Dans l’hexagone, les ventes de matériels compacts ont progressé de 23% sur quatre mois. Elles ont été tirées par celles de mini-pelles (+29%) ou de pelles sur pneus (+63%). La progression est plus modérée pour les matériels lourds de terrassement (+8%) ou routiers (+  9%). Dans ce contexte, les industriels ont revu à la hausse leur prévision de chiffre d’affaires de + 2 à +6% contre +2%.

Avec un portefeuille de commandes qui enflent et des stocks au plus bas, les entreprises tournent aujourd’hui à 75 % de leurs capacités de production, soit près de 5 %  de plus que la moyenne calculée sur les 10 dernières années. Conséquence : les délais de livraisons s’allongent sensiblement. Cette reprise profite aussi à l’emploi : les effectifs ont augmenté à nouveau après plusieurs années de recul.

Confiance mais prudence dans la manutention

Dans le secteur de la manutention, les investissements sont également orientés à la hausse. Les industriels français ont relevé leurs prévisions annuelles et tablent désormais sur une augmentation de de 6% (contre 4% en 2016). Le mouvement devrait être particulièrement sensible pour les biens d’équipements (+ 27%).

Plusieurs facteurs conjuguent ici leurs effets, analyse le Cisma : des conditions de financement très favorables, l’augmentation de la rentabilité des entreprises, des incitations fiscales très avantageuses, l’excellent climat des affaires et les meilleures perspectives économiques. « Par ailleurs, note l’organisation professionnelle, le taux d’utilisation des capacités de production élevé suggère également une obsolescence croissante du stock de capital, et, en conséquence, des investissements de remplacement à venir. »

Ce contexte qualifié de porteur profite aux constructeurs de matériels et systèmes de manutention. L’activité est tirée par le marché intérieur et par des exportations en progression de 2% sur le premier quadrimestre. Les commandes enregistrent des progressions parfois très sensibles : + 21% pour les chariots électriques à fin mai ou + 9% pour les chariots industriels thermiques.

De leur côté, les fabricants de systèmes automatisés continuent de faire face à une demande très forte d’automatisation des plateformes logistiques, des entrepôts de stockage, des aérogares et des sites industriels. En revanche, les commandes de ponts roulants, de treuils ou de palans sont en légère perte de vitesse sur le premier trimestre avec une baisse des commandes en volume de près de 5%. Elément d’explication : « L’absence de nouveaux projets industriels en France. »

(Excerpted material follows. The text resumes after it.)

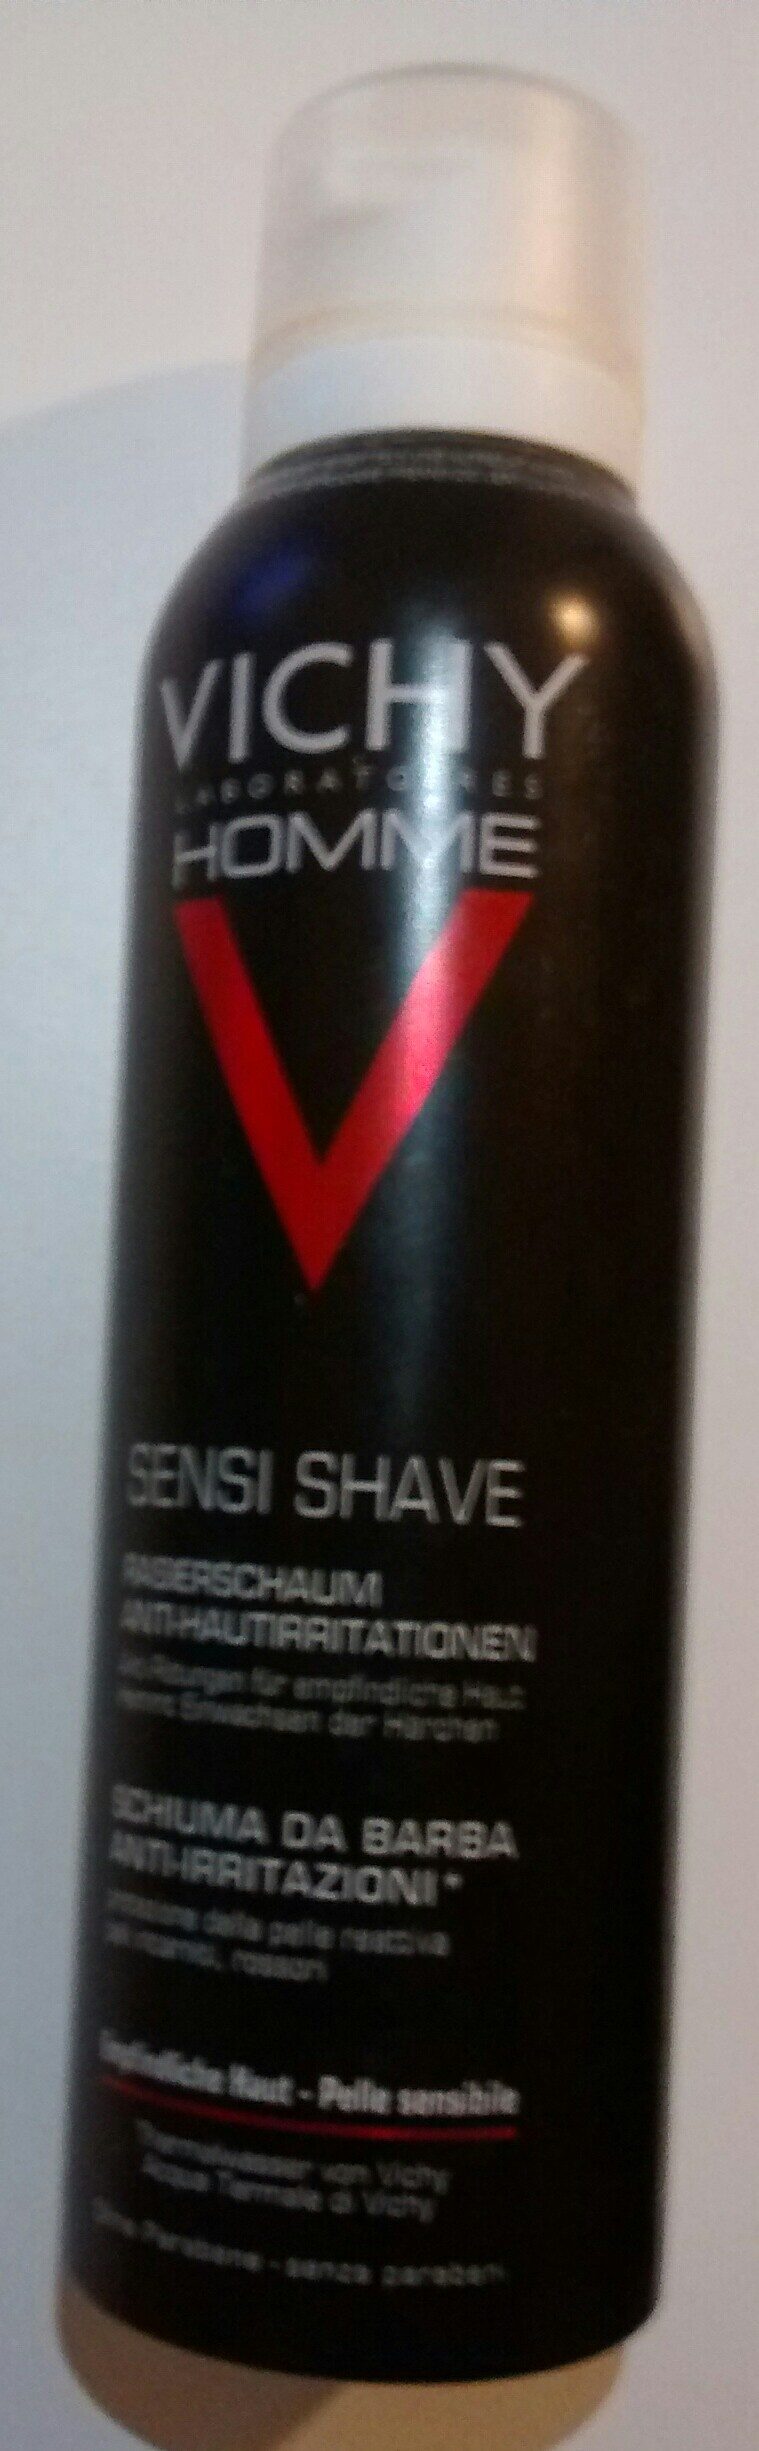 Sensi Shave Rasierschaum - Продукт - de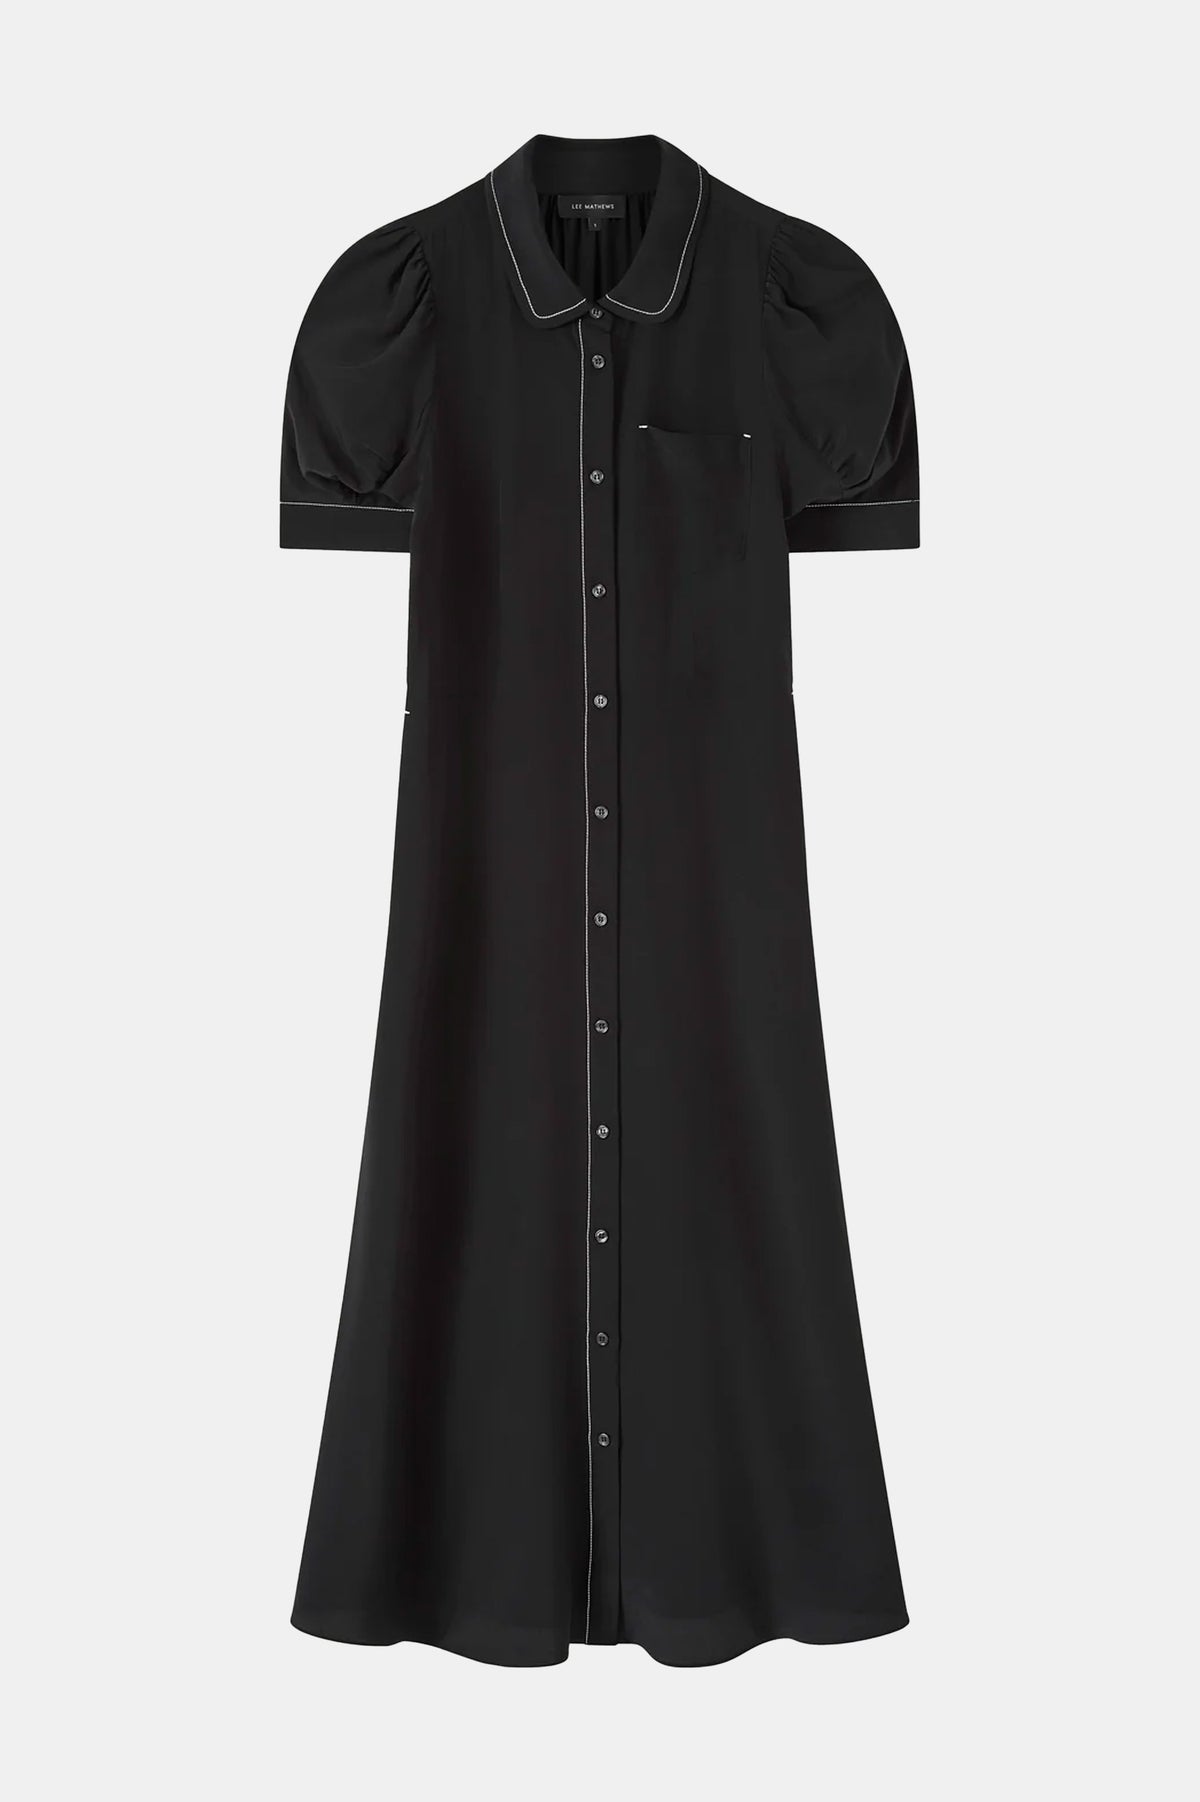 Cassini Short Sleeve Dress in Black

« Confiants mais prudents », les industriels de la manutention prévoient une progression de leur chiffre d’affaires de 8% cette année. Dans le secteur, la reprise de l’activité stimule également l’emploi, « avec des effectifs qui continuent de progresser à vive allure, à +4%, après +3% l’an dernier. »

*Syndicat des équipements pour la Construction, les infrastructures, la sidérurgie et la manutention.